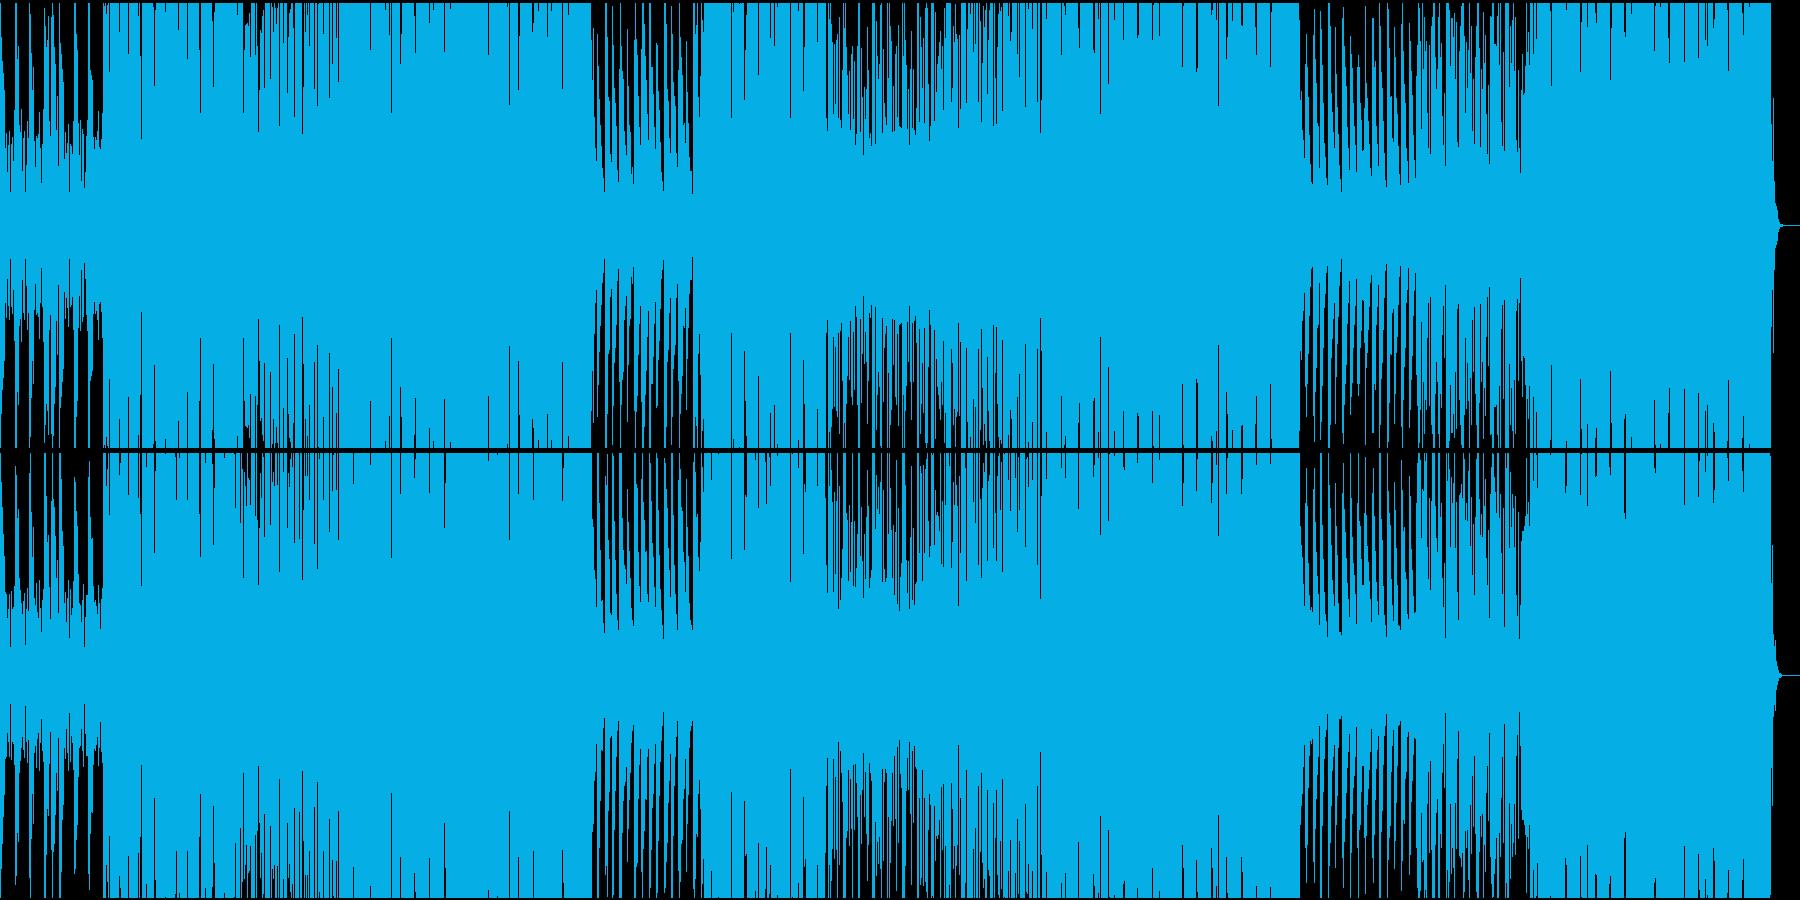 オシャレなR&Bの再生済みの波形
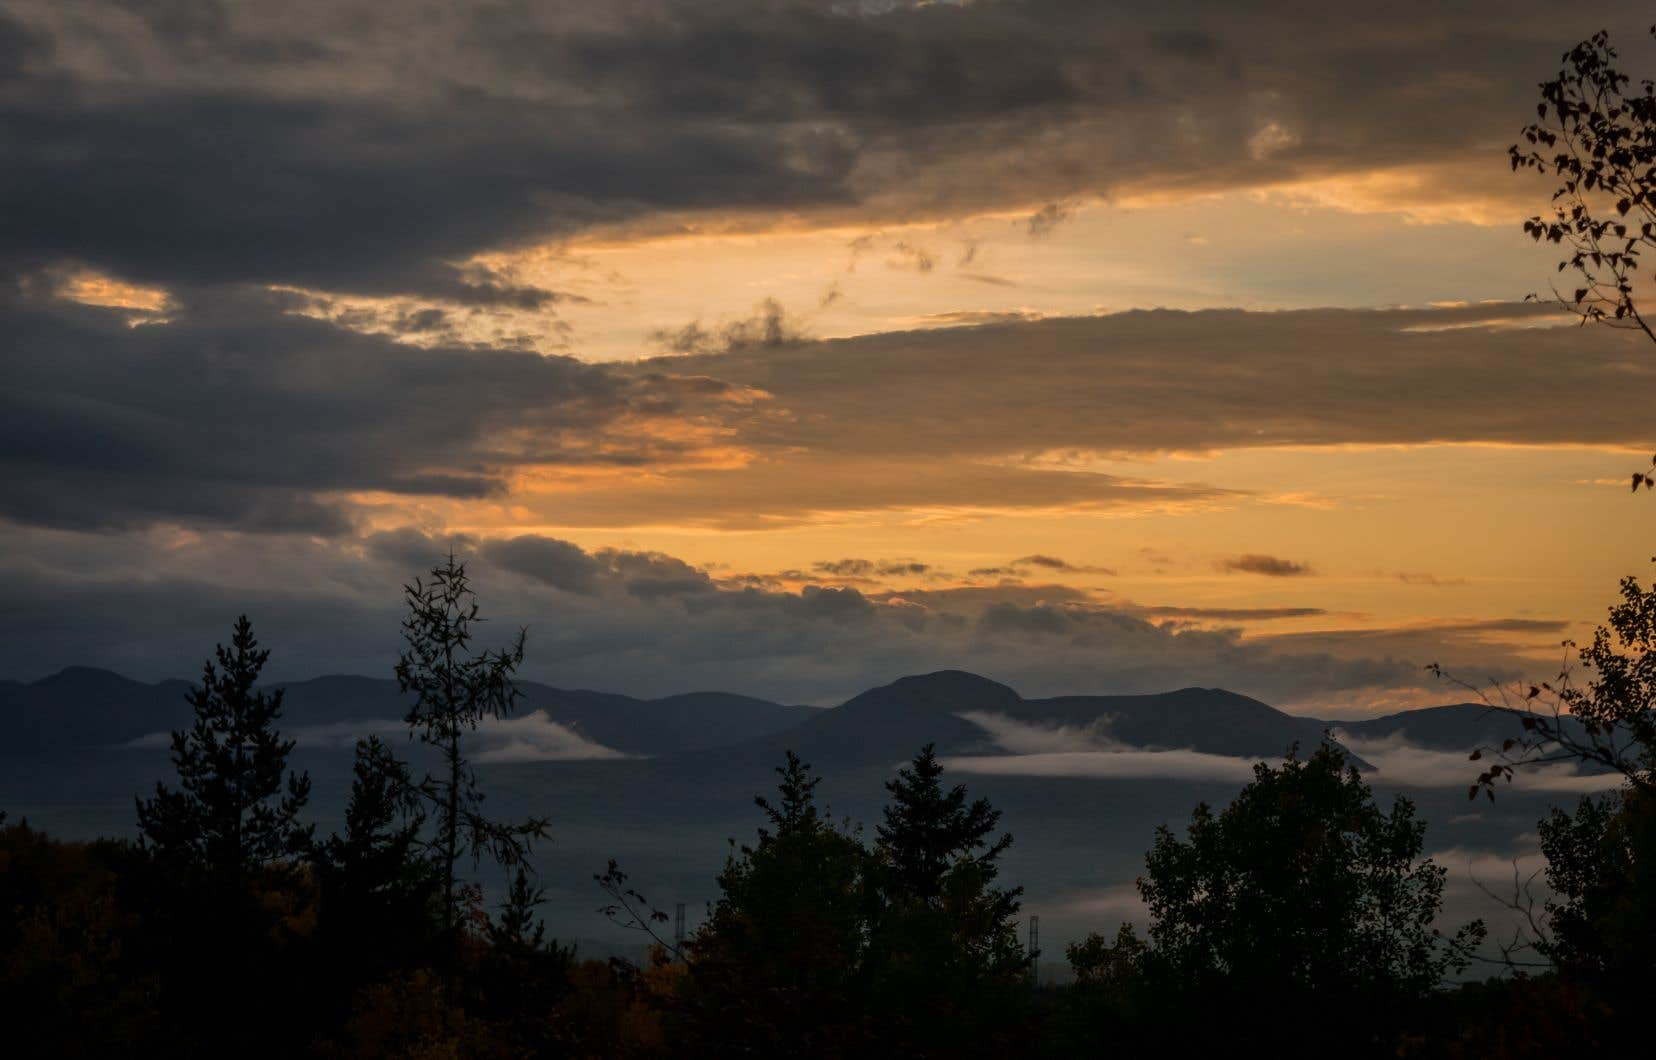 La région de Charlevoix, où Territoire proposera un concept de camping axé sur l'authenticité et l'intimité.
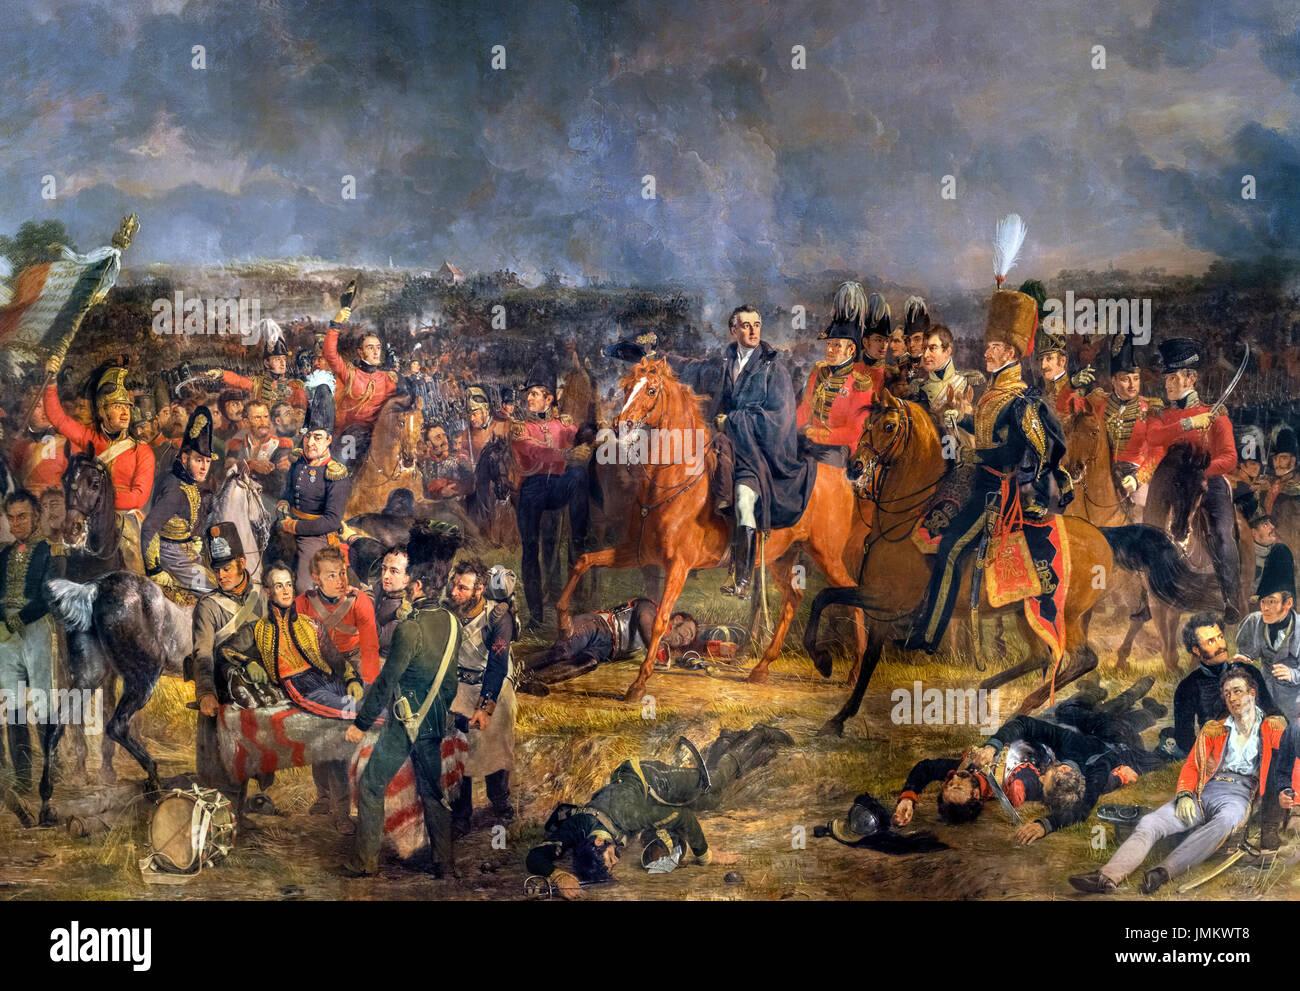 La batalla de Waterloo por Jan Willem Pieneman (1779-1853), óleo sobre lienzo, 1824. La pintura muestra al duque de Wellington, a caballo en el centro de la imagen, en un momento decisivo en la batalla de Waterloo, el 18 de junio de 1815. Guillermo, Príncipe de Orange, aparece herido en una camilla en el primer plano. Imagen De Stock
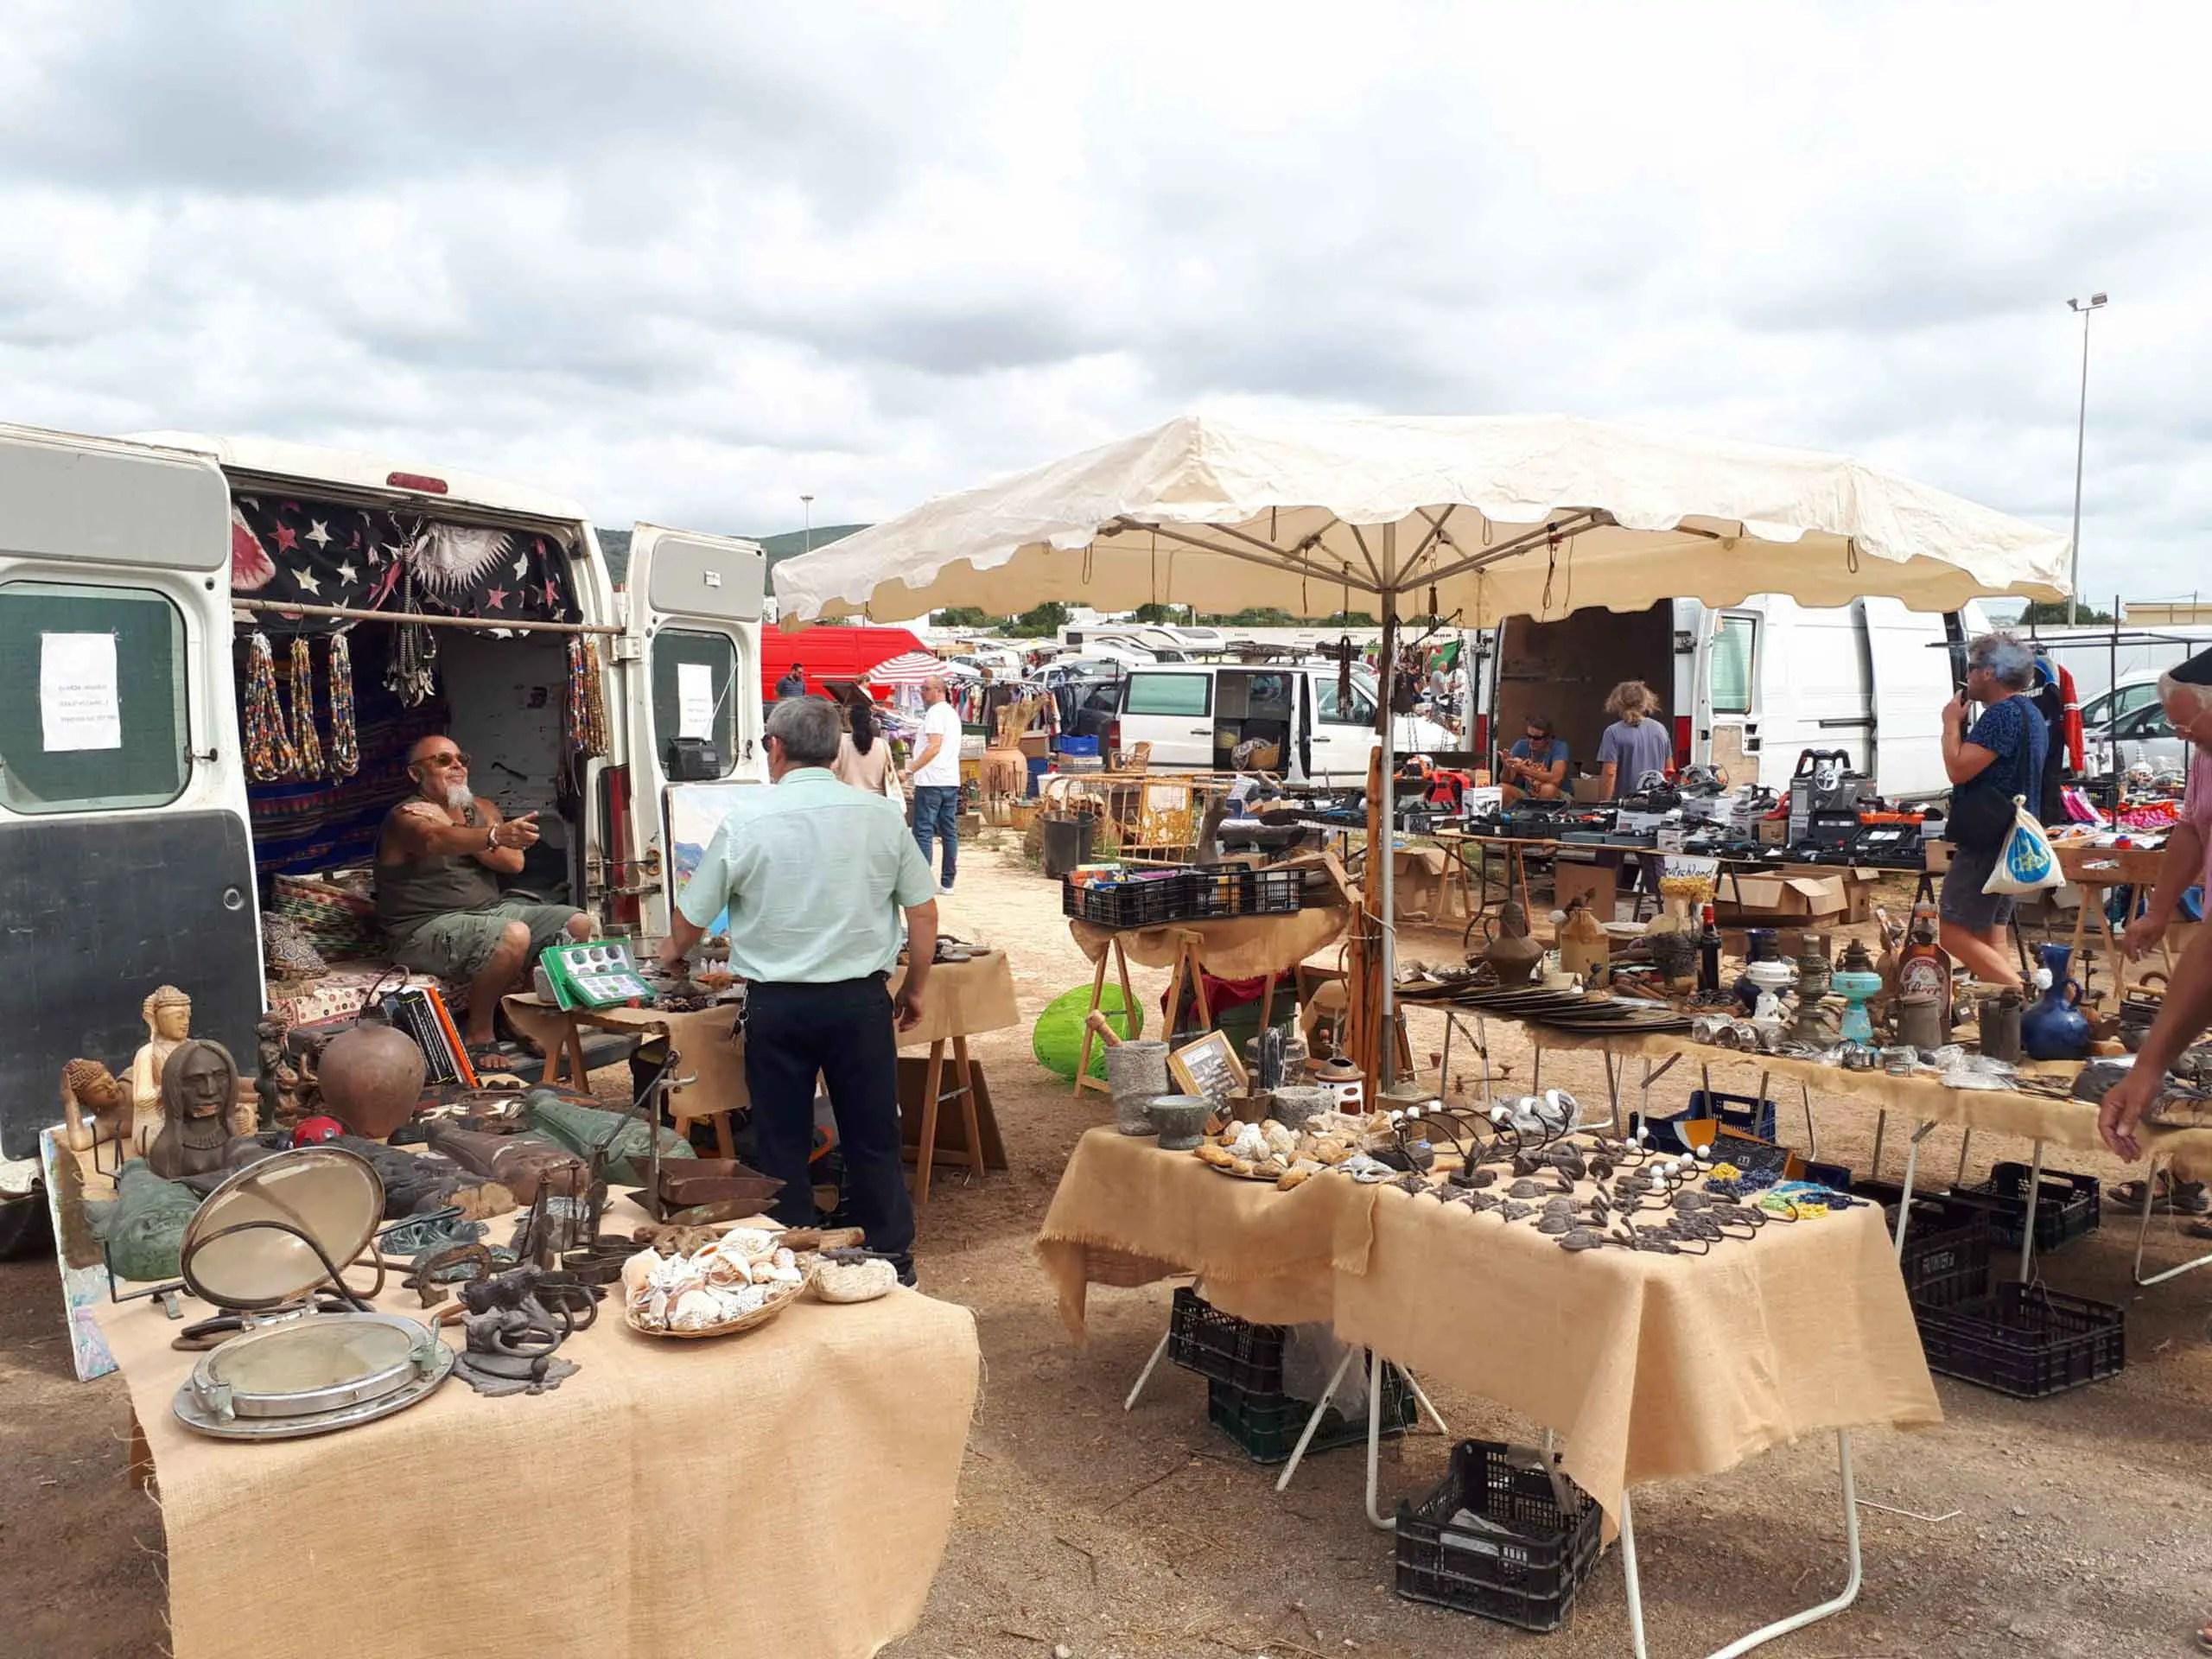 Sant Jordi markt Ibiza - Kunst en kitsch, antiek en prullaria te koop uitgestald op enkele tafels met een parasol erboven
● ● ● ● ●
[Requirement] The expected output is the exact run of lines from the first line of the material above through the line that contains "La région de", minus any pictures.

[Solution to this problem]
 オシャレなR&Bの再生済みの波形
 La région de Charlevoix, où Territoire proposera un concept de camping axé sur l'authenticité et l'intimité.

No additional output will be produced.